Is Strange World Yet Another Mediocre Disney Effort?

Do you long for the days when Disney made great animated films? I feel like that happened ages ago. Disney’s “Zootopia” and Pixar’s “Coco” are the most recent good animated films. For some time now, it’s been clear that Disney doesn’t care about the story, which is arguably the most crucial part of any of their films.

Jaeger Clade (Dennis Quaid) is the fearless leader of an expedition to discover whether or not there is life beyond the land of Avalonia. Searcher, his less-than-brave son (Jake Gyllenhaal), is with him; Searcher is the one who discovers the energy-producing plant and gives it the name Pando. While Jaeger is eager to press on, Searcher is certain that getting back to their tribe to put this new energy source to use is more pressing.
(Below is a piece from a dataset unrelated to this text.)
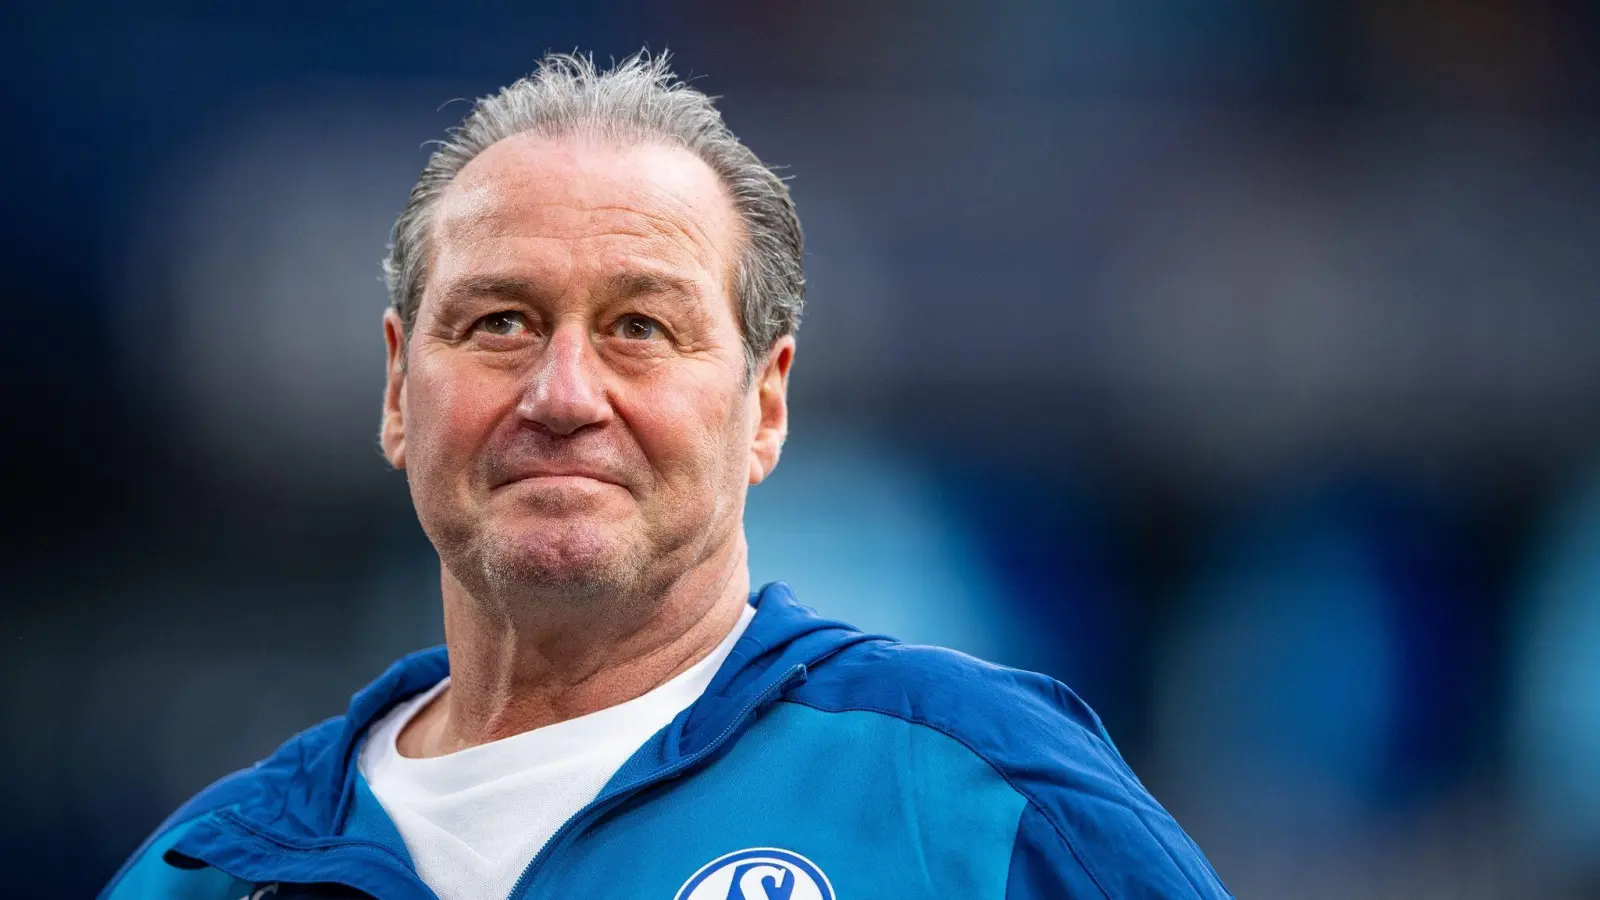 Der ehemalige Schalke-Trainer Huub Stevens ordnet die aktuelle Krise des Clubs ein. (Foto: Guido Kirchner/dpa)

Years later, with the help of Pando, Avalonia has developed into a nascent utopia. In the future, if Searcher doesn’t find a way to stop whatever is infecting and killing the Pando, the Pando might go extinct. To get to the bottom of things, Searcher embarks on a brand-new trip below ground. He is accompanied on his expedition by his family—wife Meridian (Gabrielle Union), son Ethan (Jaboukie Young-White). To stop a catastrophic tragedy from happening, they will have to brave a strange new world.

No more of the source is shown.